Eli Lilly and Company has announced that the global Phase III REACH trial of CYRAMZA™ (ramucirumab) in patients with hepatocellular carcinoma (liver cancer) did not meet its primary endpoint.

Encouraging single-agent CYRAMZA activity was observed, with meaningful improvements in key secondary endpoints of progression-free survival, overall response rate and time to progression. Overall survival favoured the CYRAMZA arm but was not statistically significant.  

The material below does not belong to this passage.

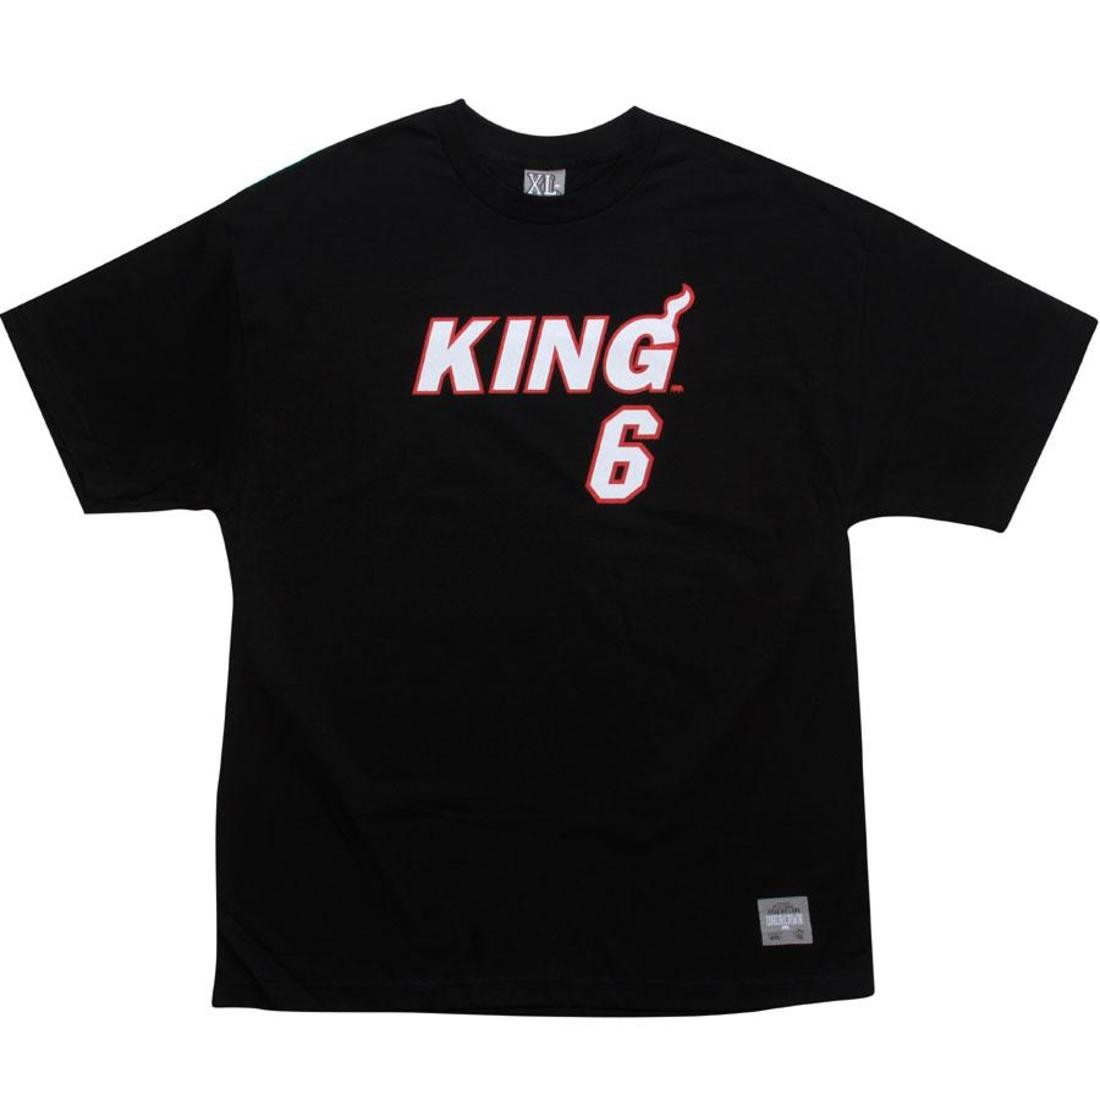 UNDRCRWN King 6 Tee - LeBron Miami (black)

The global, randomised, double-blind REACH trial compared CYRAMZA plus best supportive care to placebo plus best supportive care as a second-line treatment in patients with hepatocellular carcinoma (HCC) after being treated with sorafenib in the first-line setting.  The top-line safety data were consistent with what was seen in previous single-agent CYRAMZA studies. 

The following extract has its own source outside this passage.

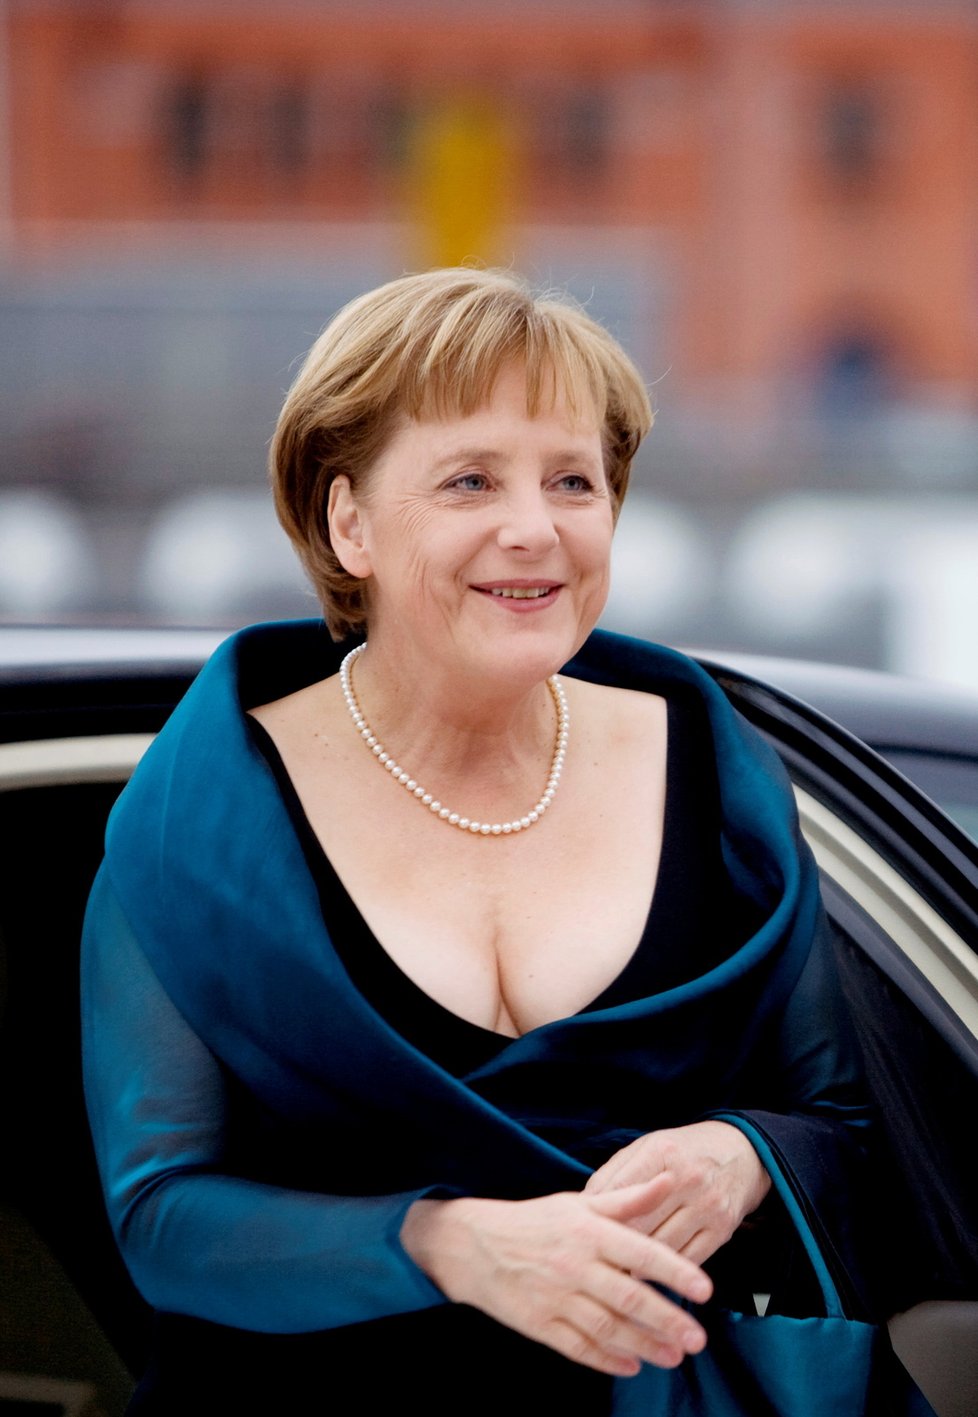 Kancléřka Angela Merkelová a její módní styl.

The most common ( > 5 per cent incidence) grade > /=3 adverse events occurring at a higher rate on the CYRAMZA arm, compared to the control arm, were hypertension and fatigue. 

Liver cancer is a very difficult-to-treat tumour type and no Phase III study has been able to demonstrate improved survival in the second-line setting.  There are no approved therapies.

Dr Richard Gaynor, M.D., senior vice president, product development and medical affairs for Lilly Oncology, said: “Although the REACH study did not achieve statistical significance for survival, we are encouraged by the efficacy seen overall, especially in specific subpopulations. We plan to discuss these results with regulatory authorities.”